§ Dataset records:
--------

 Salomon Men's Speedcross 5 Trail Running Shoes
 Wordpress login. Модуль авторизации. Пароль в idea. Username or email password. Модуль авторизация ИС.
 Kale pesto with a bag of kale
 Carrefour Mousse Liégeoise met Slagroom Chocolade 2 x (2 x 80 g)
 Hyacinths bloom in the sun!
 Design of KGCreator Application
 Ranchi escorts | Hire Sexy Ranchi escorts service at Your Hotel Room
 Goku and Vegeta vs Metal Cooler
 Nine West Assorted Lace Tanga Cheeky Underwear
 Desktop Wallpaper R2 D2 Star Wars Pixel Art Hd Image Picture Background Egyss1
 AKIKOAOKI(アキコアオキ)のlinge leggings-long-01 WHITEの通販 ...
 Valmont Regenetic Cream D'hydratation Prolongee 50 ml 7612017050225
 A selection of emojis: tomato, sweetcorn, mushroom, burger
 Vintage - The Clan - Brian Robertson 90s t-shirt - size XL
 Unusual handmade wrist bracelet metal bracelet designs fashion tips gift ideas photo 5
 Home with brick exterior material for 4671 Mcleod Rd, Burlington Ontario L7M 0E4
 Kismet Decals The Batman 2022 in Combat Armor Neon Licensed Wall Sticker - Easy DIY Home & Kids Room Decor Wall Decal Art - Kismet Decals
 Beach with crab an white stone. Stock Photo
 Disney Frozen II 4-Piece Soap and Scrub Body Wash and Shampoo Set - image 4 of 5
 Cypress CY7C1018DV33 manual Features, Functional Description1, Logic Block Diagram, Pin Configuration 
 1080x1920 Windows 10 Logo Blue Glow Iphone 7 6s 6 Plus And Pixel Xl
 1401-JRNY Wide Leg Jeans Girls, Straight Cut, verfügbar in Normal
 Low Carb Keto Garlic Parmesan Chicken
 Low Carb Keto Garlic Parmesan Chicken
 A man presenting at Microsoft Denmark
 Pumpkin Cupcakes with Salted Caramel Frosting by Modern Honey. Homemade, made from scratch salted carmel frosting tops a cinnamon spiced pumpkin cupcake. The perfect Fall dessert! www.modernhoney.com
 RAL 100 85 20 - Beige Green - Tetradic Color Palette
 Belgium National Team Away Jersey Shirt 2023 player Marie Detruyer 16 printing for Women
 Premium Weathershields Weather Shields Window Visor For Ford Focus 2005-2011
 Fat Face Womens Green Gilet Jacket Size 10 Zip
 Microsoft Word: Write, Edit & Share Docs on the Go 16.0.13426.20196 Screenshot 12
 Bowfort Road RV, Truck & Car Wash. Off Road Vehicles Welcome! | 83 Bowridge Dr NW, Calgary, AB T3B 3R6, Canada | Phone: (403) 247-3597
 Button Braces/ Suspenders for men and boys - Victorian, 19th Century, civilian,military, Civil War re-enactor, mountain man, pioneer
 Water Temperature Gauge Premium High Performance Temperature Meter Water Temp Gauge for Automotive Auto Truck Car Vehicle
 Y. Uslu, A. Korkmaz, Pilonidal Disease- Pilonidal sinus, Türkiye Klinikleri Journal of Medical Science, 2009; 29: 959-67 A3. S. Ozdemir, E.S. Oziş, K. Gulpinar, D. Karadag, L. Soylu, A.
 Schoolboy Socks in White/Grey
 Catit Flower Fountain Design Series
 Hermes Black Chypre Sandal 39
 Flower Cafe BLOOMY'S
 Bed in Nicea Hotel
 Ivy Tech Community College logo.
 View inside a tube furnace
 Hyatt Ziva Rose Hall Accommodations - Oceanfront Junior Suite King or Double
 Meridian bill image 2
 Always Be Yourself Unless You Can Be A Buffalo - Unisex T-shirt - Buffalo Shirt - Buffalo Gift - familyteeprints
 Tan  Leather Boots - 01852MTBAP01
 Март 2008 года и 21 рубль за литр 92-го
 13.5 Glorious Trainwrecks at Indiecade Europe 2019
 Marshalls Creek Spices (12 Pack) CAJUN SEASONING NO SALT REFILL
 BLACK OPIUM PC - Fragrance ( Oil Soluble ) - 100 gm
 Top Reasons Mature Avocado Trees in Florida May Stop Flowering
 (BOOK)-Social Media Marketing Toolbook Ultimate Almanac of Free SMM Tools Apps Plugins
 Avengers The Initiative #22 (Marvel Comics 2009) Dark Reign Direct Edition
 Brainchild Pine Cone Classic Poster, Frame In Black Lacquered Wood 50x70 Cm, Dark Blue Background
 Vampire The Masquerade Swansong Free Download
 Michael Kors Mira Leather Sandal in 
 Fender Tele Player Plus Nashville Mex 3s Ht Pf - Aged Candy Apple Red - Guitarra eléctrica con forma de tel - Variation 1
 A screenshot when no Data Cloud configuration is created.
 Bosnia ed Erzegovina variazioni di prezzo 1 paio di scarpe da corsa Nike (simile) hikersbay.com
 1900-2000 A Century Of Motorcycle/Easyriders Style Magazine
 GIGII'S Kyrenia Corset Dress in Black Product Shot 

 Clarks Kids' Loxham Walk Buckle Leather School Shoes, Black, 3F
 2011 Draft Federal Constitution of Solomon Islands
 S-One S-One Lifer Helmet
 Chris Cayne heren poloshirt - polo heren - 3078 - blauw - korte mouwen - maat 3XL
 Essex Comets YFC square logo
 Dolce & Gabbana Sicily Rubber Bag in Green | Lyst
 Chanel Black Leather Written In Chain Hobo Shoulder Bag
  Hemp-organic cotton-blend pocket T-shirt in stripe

--------

§ Work item: Once you find the line with "A screenshot when" in the entries above, output it and each line after it up to and including the line with "S-One S-One Lifer Helmet", and nothing else.

§ Worked solution:
 A screenshot when no Data Cloud configuration is created.
 Bosnia ed Erzegovina variazioni di prezzo 1 paio di scarpe da corsa Nike (simile) hikersbay.com
 1900-2000 A Century Of Motorcycle/Easyriders Style Magazine
 GIGII'S Kyrenia Corset Dress in Black Product Shot 

 Clarks Kids' Loxham Walk Buckle Leather School Shoes, Black, 3F
 2011 Draft Federal Constitution of Solomon Islands
 S-One S-One Lifer Helmet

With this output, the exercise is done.